Lectins. Never heard of them? Heard too much about them? Either way, you are probably not alone. Lectins are obscure, but they have also made headlines lately due to a recent book release. There are a lot of differing points of view on lectins: some warn against their toxic effects, while others tout their health benefits. My goal is to provide information that I have found on lectins and to summarize a prudent approach to consuming them.
What are they?
Lectins are a class of proteins that can bind to carbohydrates. They are found in raw legumes, raw whole grains, raw seeds and nuts, and many fruits and vegetables. It is important to emphasize that some of these are toxic, while some are unlikely to be so and may even provide some health benefits, such as protection against cancer. They are a plant’s natural defense mechanism against pathogenic microorganisms and pests – including humans - who eat them. Many seeds, for example, are resistant to digestion and are designed by nature to pass unaltered through an animal’s digestive system, thereby allowing the seed to be spread in the environment and hopefully germinate later on.

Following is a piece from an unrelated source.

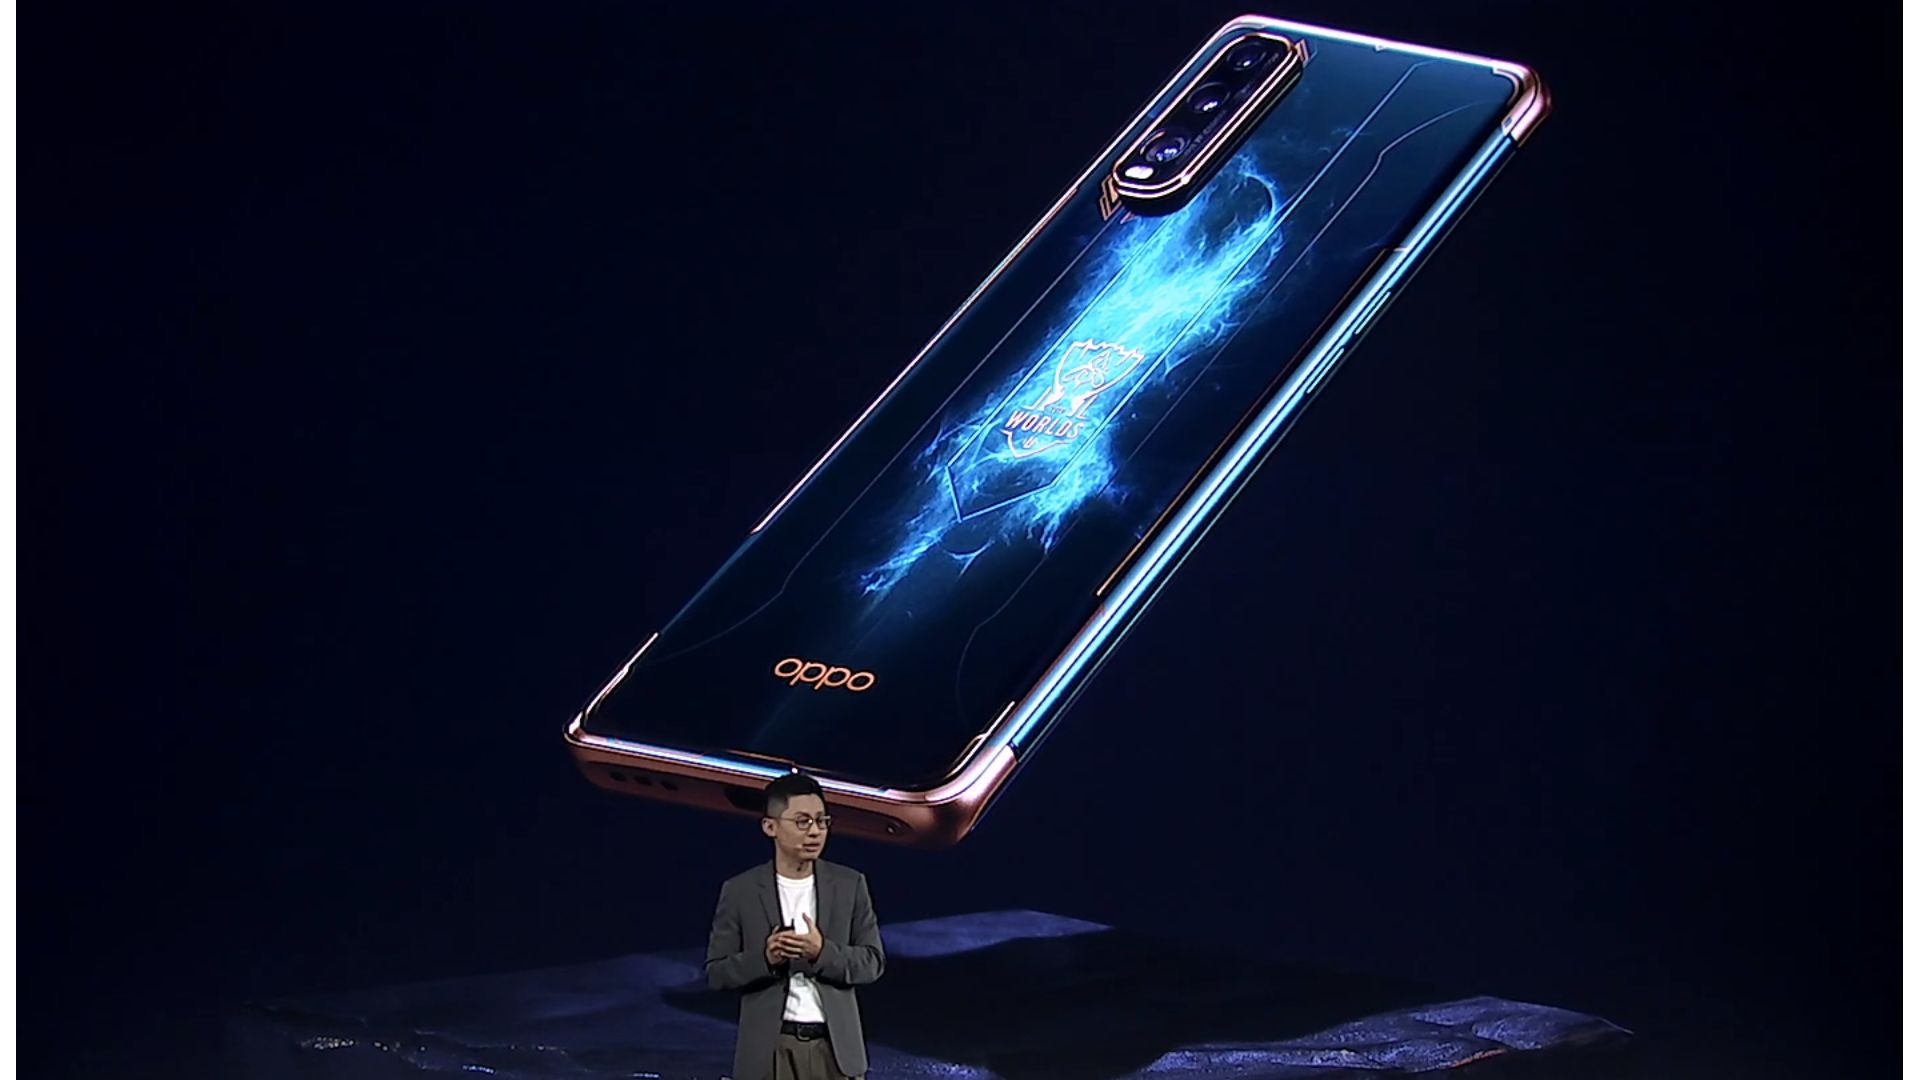 Oppo find x2. Oppo find x2 League of Legends s10 Limited Edition. Оппо 10. Oppo find x2 League. Oppo find x2 League of Legends.

There are two main classes of the toxic lectins: prolamins and agglutinins. Our digestive tracts are not suited to breaking them down. They also contain compounds that inhibit protein-digesting enzymes. Toxic lectins can also damage the intestinal lining, leading to intestinal permeability, or leaky gut, as well as inflammation and can contribute to autoimmune disease in susceptible individuals.
Where are they found?
The two food classes with the highest toxic lectin content include raw whole grains and legumes [beans, peas, and lentils, with the exclusion of beans with edible pods]. Peanuts, soybeans, broad beans such as favas and limas, and kidney beans are among the highest toxic lectin-containing legumes. Just five raw kidney beans can provoke a reaction similar to food poisoning. Cooking greatly reduces lectin content, but does not completely eradicate it. [See more below.] Ricin, a lectin extracted from the castor bean, is an extreme example of a toxic lectin and is a potent poison.
Wheat Germ Agglutinin [WGA] is another example of a toxic lectin and probably the most well studied grain lectin. Again, it interacts with the lining of the intestine, potentially increasing intestinal permeability. It can also stimulate the immune system and lead to inflammation. Gliadin, a type of gluten protein in wheat, is another example with similar effects.
Nightshades are plants in the solanaceae botanical family. It includes tomatoes, tomatillos, potatoes, peppers, eggplants, ground cherries, and goji berries, among others. Many people have bad reactions to these, though it is not known if it is a genetic incompatibility to the solanine or the lectins they contain. Ripeness also plays a factor [see below].
Foods with fewer lectins
There are several foods that naturally contain fewer lectins. Most fruits and vegetables, aside from nightshades, fall into this category. Eating fully vine-ripened fruits and vegetables will additionally ensure fewer lectins; lectins in immature plants prevent them from being eaten by pests before their seeds are mature. Lentils and adzuki beans contain fewer lectins, perhaps partially because they are smaller and take less time to cook. Buckwheat and white rice are two grains low in lectin.
Our ancestors knew what they were doing when they soaked, sprouted, fermented, and cooked their grains and legumes for long periods of time. These processes can all drastically reduce the lectin content – in addition to other antinutrients - but may not eradicate them completely. Cooking legumes with certain spices such as curry spices and ginger, or with the addition of seaweed, can also help. A true sourdough bread is a good example of grain fermentation; this process allows for the partial break down of the grains and lectins by microbial action, which is why it is healthier than fast, yeast-leavened bread.
Should you eradicate lectins from your diet? First, there are many healthy foods such as fruits and vegetables that contain lectins that will not harm health. In fact, there is some research that suggests lectins may even offer a protective benefit in terms of cancer, especially colon cancer. In addition, modest, occasional consumption of toxic lectins will probably not have a significant negative effect on health, especially if you prepare your foods properly, and otherwise eat a nutrient-dense diet. However, eating large quantities of toxic lectins regularly, especially foods with the highest concentrations, may very well have a negative effect. Those who are most susceptible include vegetarians or vegans who rely heavily on legumes, seeds, and grains; those with autoimmune disease, a growing percentage of the population; and those who often experience digestive distress. In these cases, you may wish to do your own N=1 experiment by doing a trial elimination of these foods and see how you feel without them.
The information provided in this article is intended for general use only and is not to be used in place of medical advice from a licensed health professional.